じゅうろく ょぅι゛ょ と おそと
「んぅ…お○ぱいがいっぱい…ちゅう…」
「ふぁん…さくらぁ…」
サラ・シュワルツェンは悩んでいた。
同室で休む友人でありPtメンバーである幼女とエルフの少女のことであった。
彼女達は非常に仲が良い、というか良いというレベルとかそんなちゃちなものではない。
姉妹か、いやそんなものではない、恋人か…。
今そんな2人のうちの一人、幼女サクラがエルフの少女、ウェルザンディの胸に吸い付いている。

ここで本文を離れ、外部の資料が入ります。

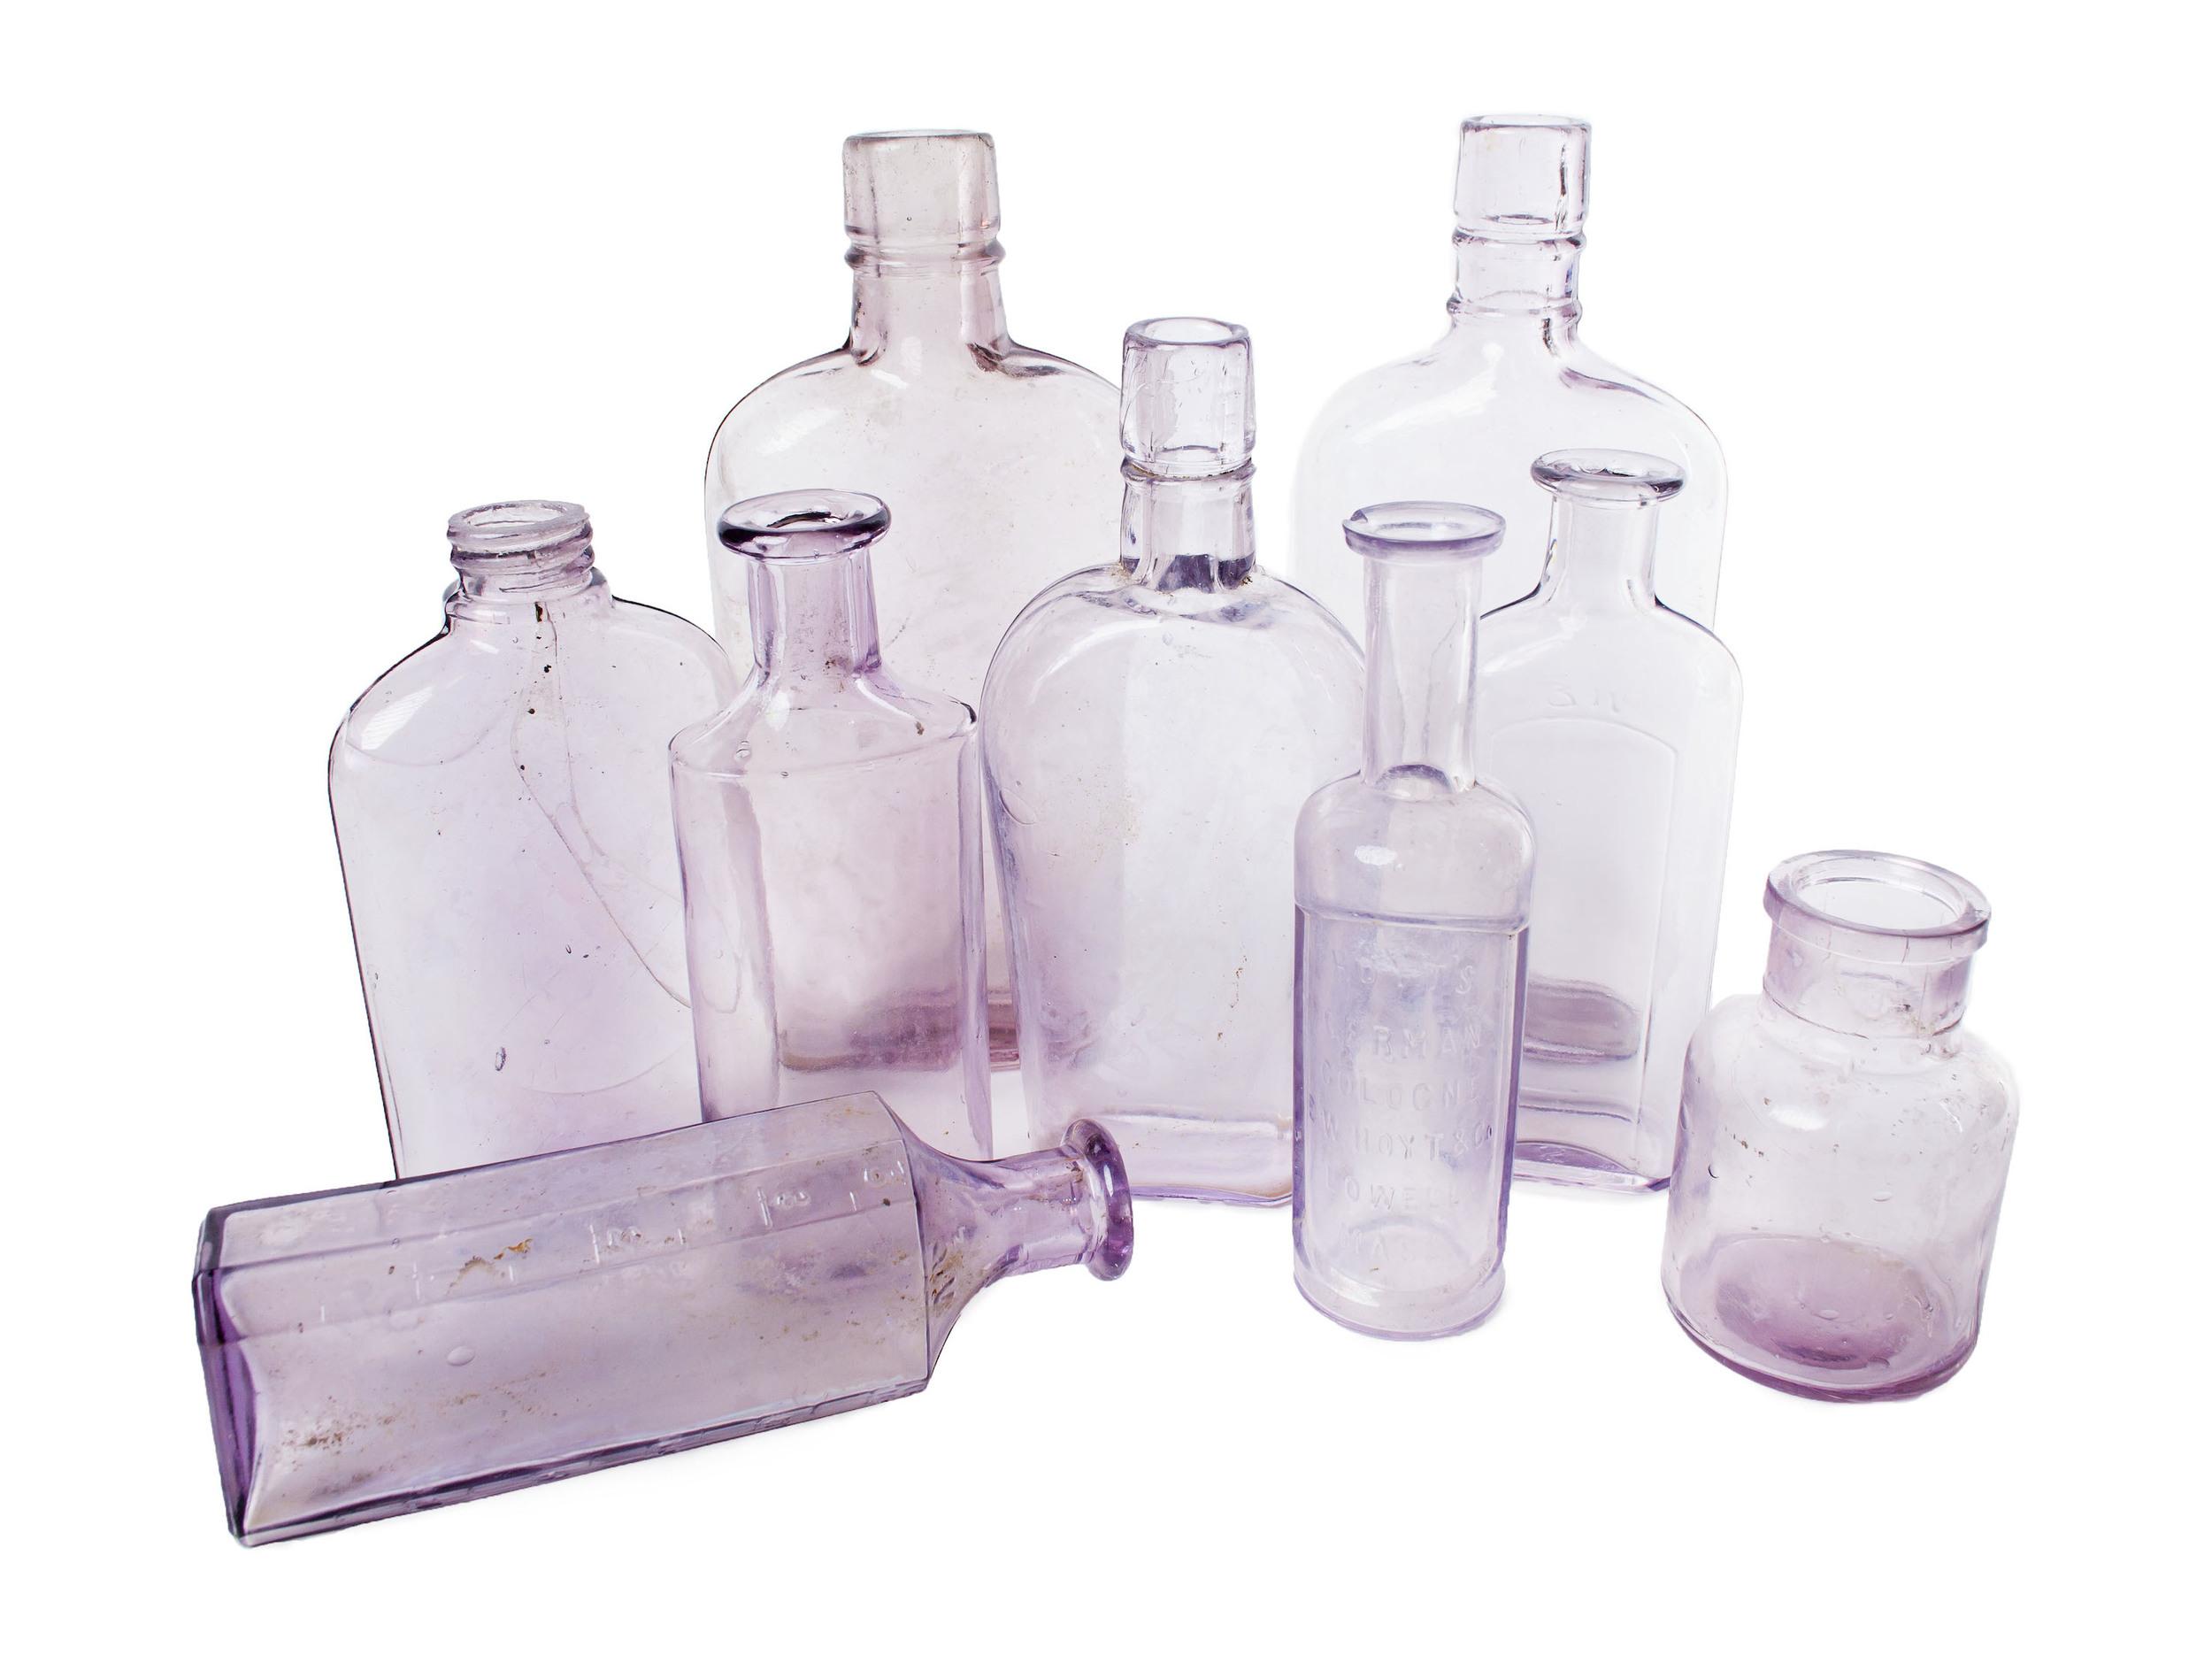 Antique - purple medicinal bottles

そう、言葉のとおり乳幼児が母の乳房に吸い付くように、だ。
いくら幼女とはいえ、さすがにこれはどうなのだろうか…。
それともこれくらいの子はまだまだ母の胸が恋しいのだろうか?
自分はどうだったかしら…そんな風に考えていると、目の前の2人が目を覚ましたのだった。
「ぉぁょぅ…うぇんでぃ、おねえちゃん…さらおねえーさん…」
「おはよう♪さくらぁ♪」
「おはようございます、お2人とも。
さあさ、早く顔を洗って下さいな、もうすぐ宿の朝御飯の時間が過ぎてしまいますわよ。」
「「はぁい」」
しかし結局2人は中々ベットから出ることができず、結局自室で朝食を食べることになった。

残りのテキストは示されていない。